Records for this task
-- Opening Marker --
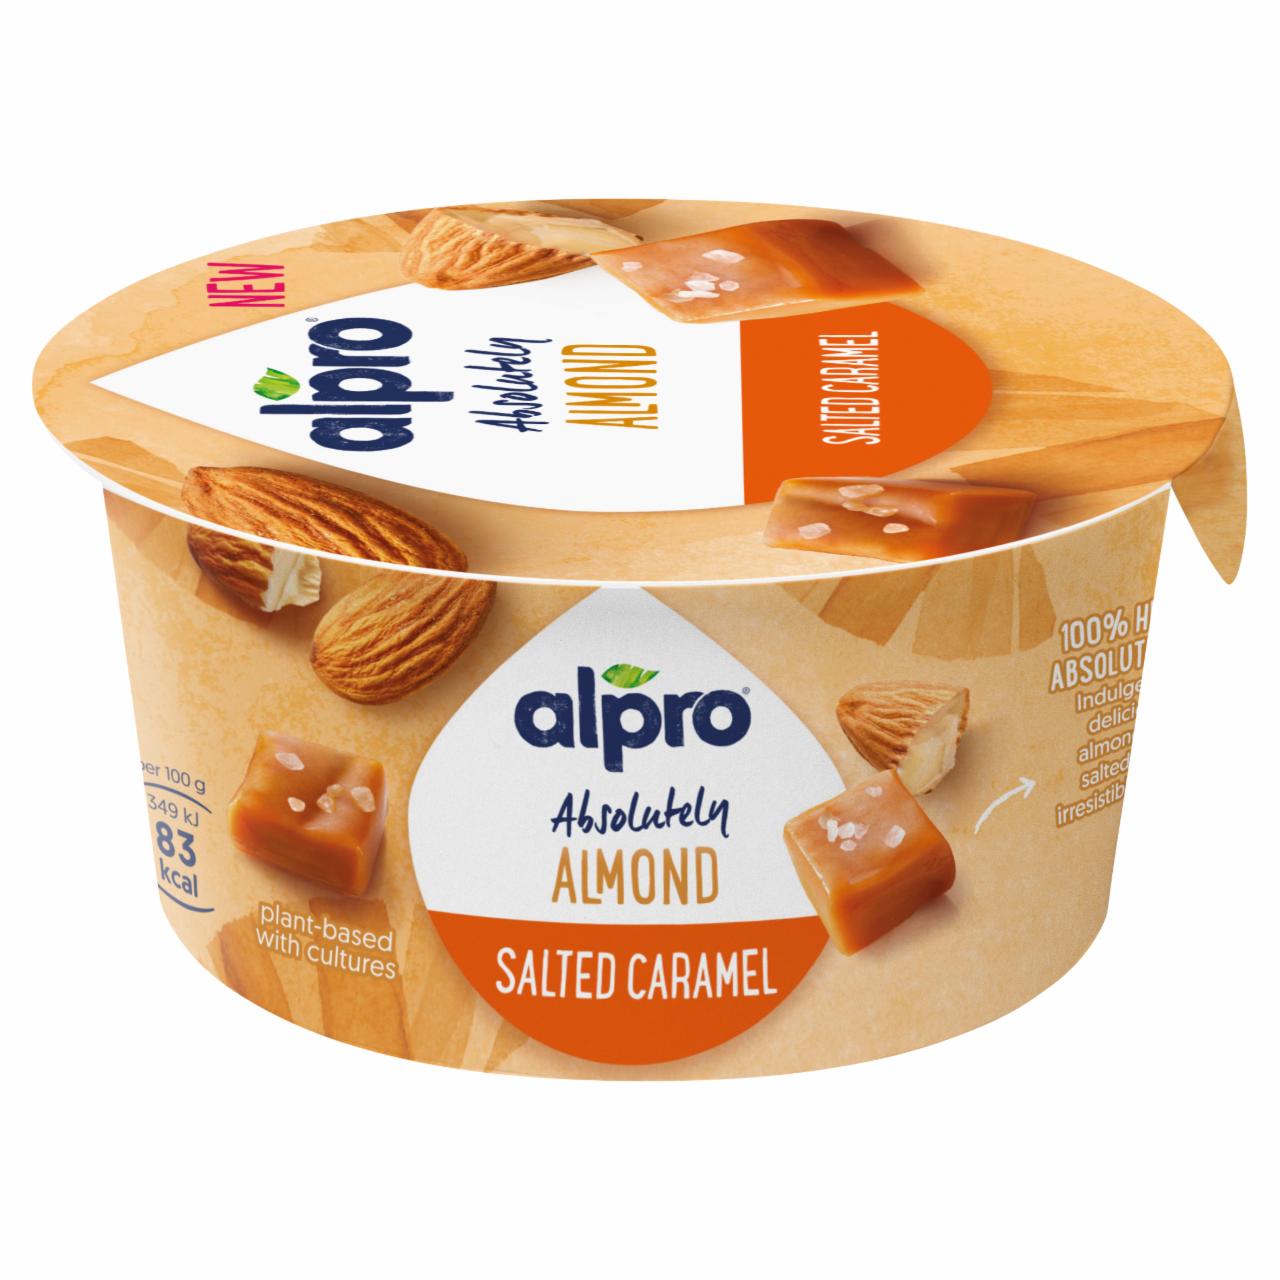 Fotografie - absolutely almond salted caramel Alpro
-- Closing Marker --
-- Opening Marker --
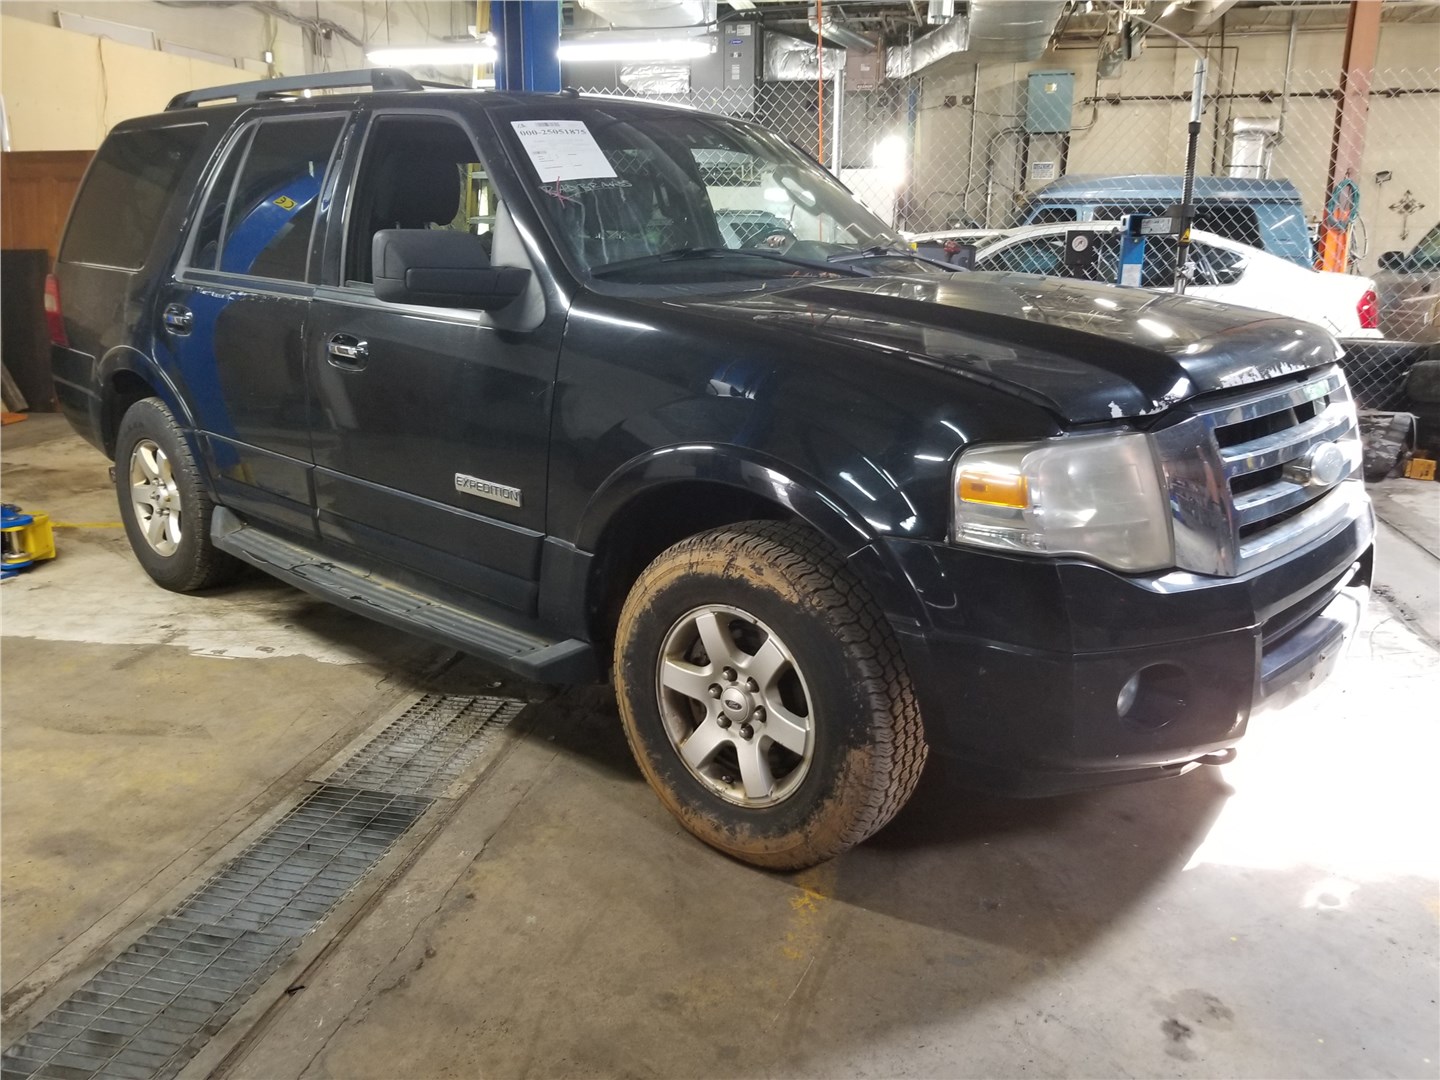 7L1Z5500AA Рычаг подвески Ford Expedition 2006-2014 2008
-- Closing Marker --
-- Opening Marker --
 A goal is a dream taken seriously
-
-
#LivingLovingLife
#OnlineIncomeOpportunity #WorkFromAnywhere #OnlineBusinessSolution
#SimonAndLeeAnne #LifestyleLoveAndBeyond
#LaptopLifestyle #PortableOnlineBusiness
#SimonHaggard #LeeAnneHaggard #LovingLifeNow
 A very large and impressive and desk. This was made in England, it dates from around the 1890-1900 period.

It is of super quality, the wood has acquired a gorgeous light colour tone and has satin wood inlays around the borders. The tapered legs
-- Closing Marker --
Task instructions
Each line in the records that carries "around" must be copied out.

Problem solution
 A very large and impressive and desk. This was made in England, it dates from around the 1890-1900 period.
It is of super quality, the wood has acquired a gorgeous light colour tone and has satin wood inlays around the borders. The tapered legs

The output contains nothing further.